• PROBLEM:
Begin at the line below that has "Un arbre Joyeux". Stop after the line that has "Terrific West Elm", repeating each line exactly and leaving out the pictures.

• AVAILABLE DATA:

◇ ◇ ◇ ◇ ◇

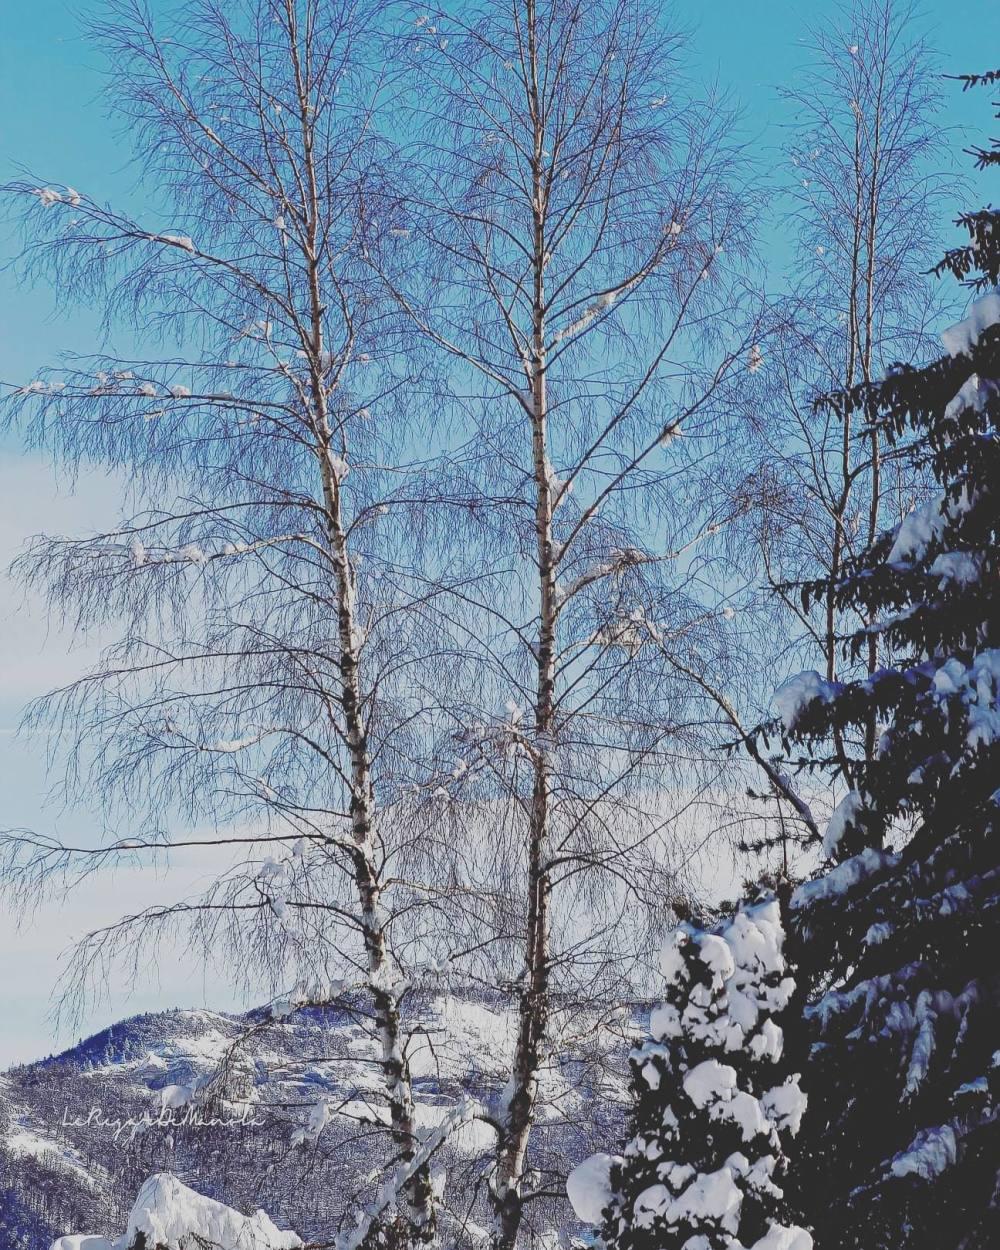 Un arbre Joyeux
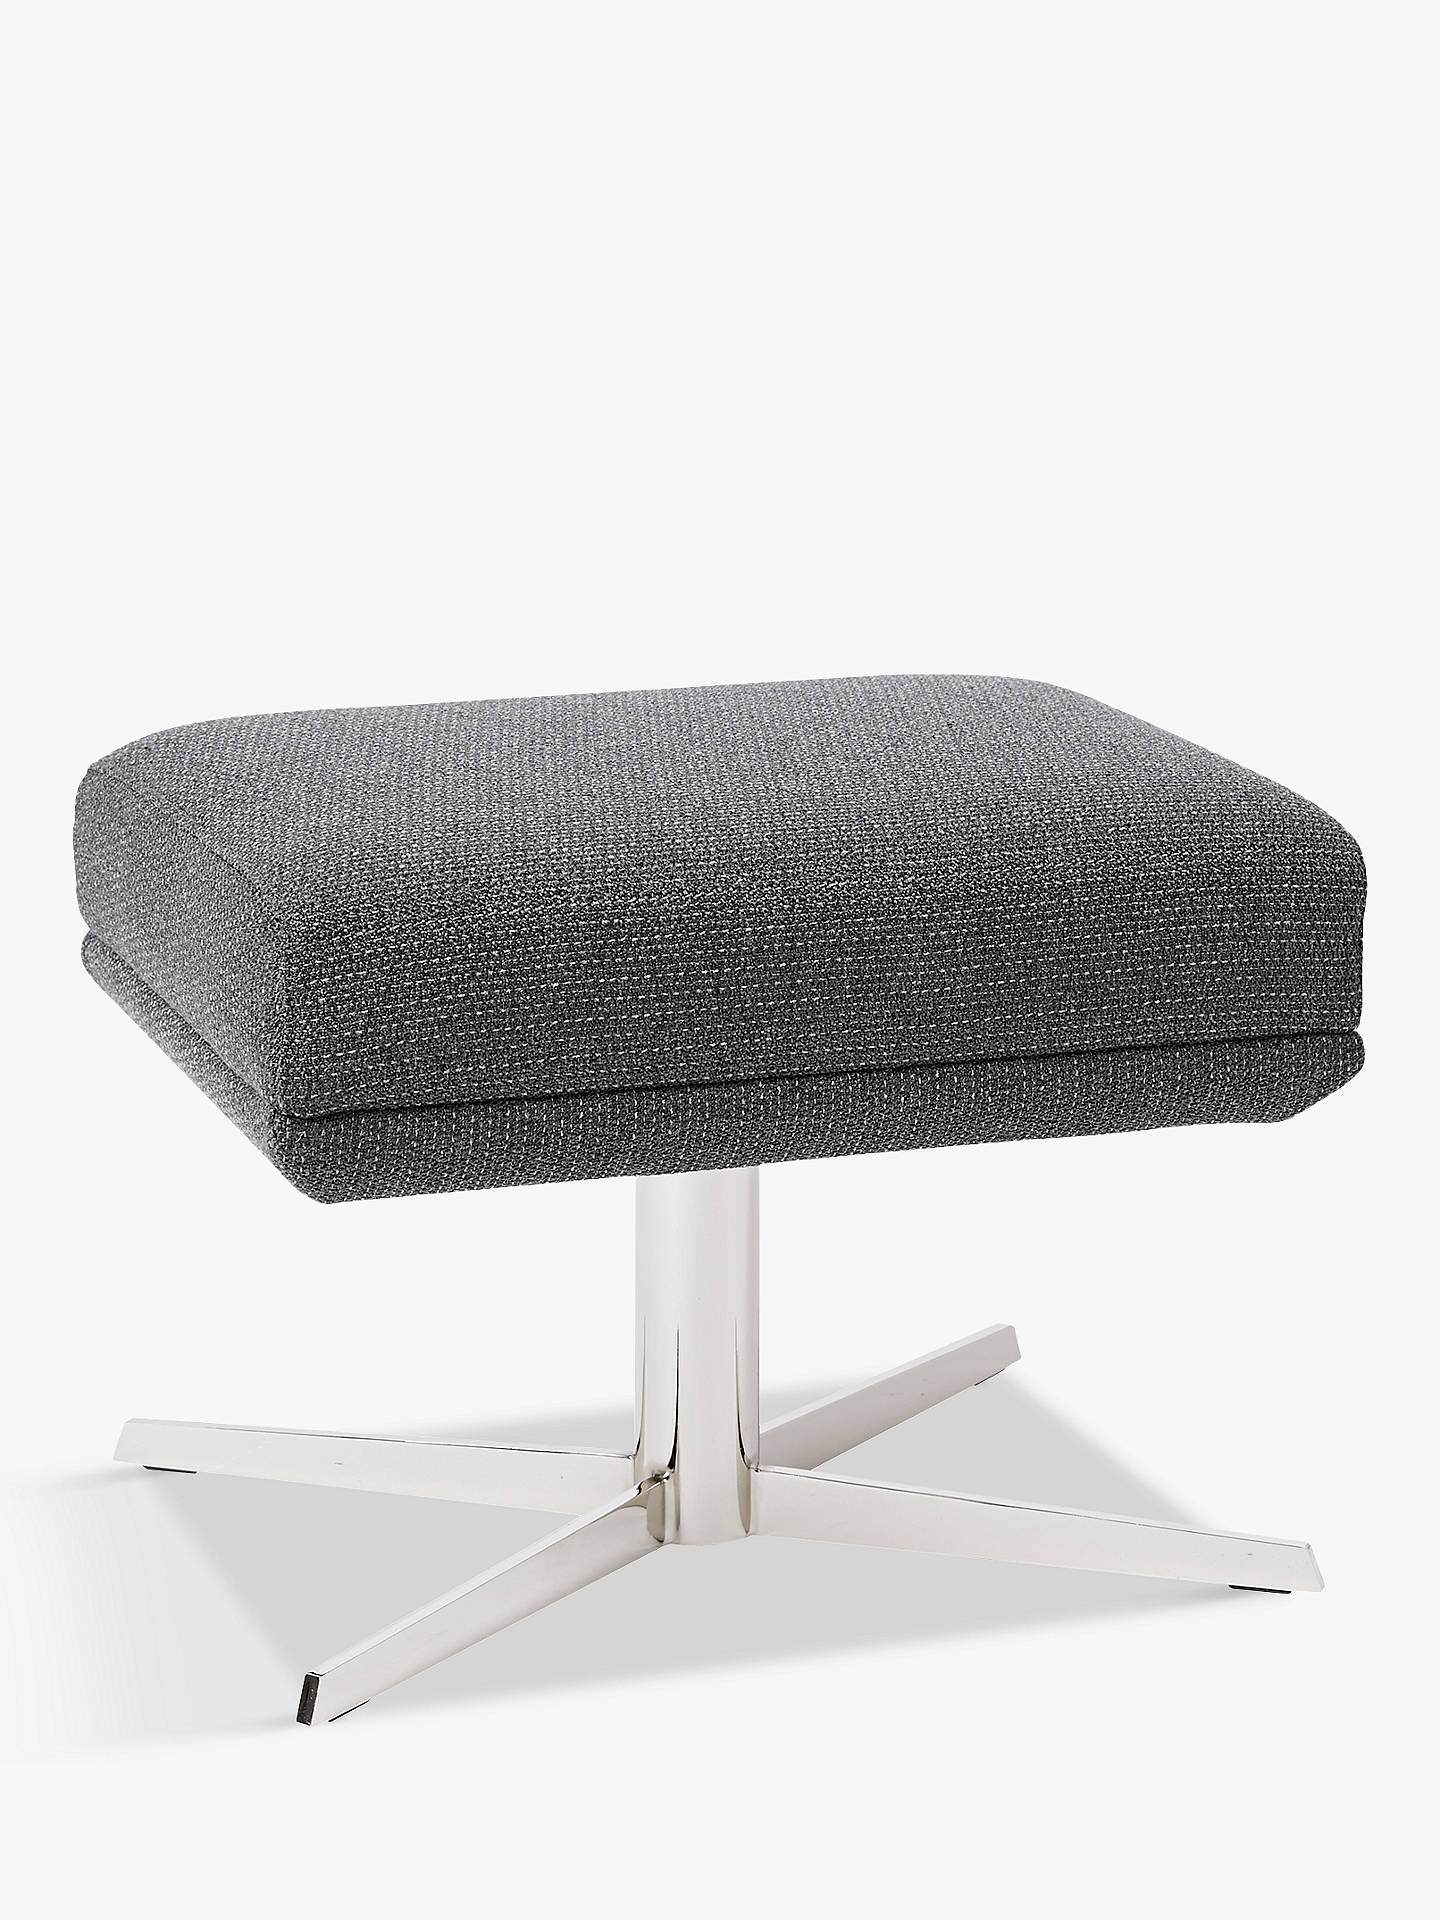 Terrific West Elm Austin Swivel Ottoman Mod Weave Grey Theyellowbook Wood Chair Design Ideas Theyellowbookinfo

◇ ◇ ◇ ◇ ◇

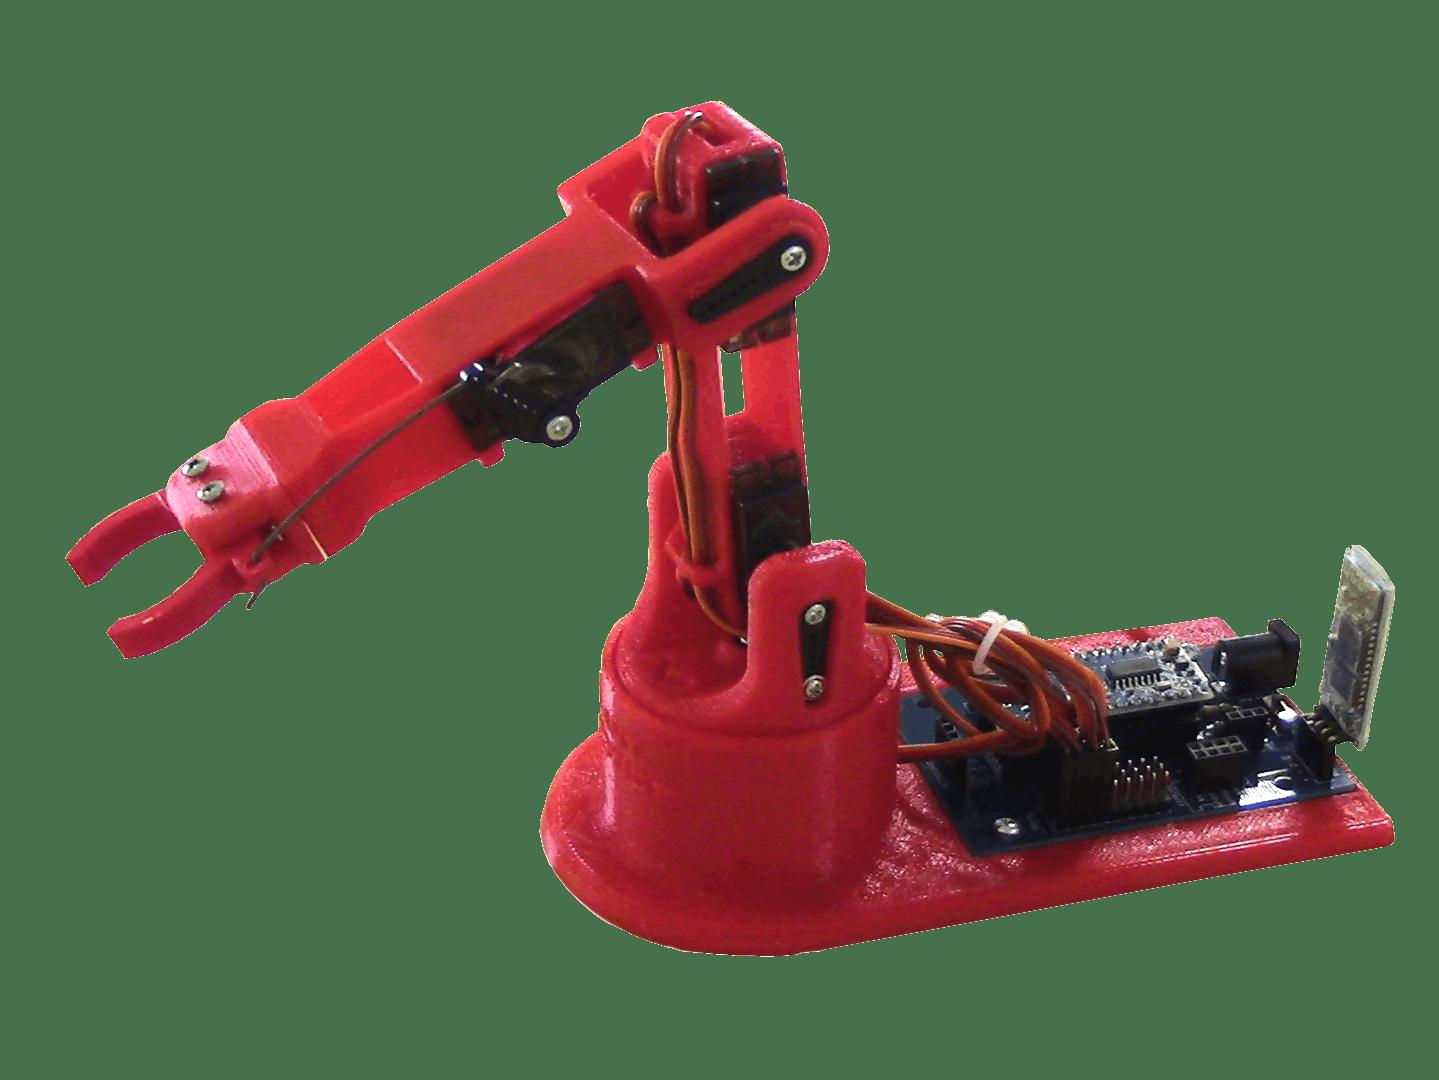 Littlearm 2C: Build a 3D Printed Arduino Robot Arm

◇ ◇ ◇ ◇ ◇

• RESULT:
 Un arbre Joyeux
 Terrific West Elm Austin Swivel Ottoman Mod Weave Grey Theyellowbook Wood Chair Design Ideas Theyellowbookinfo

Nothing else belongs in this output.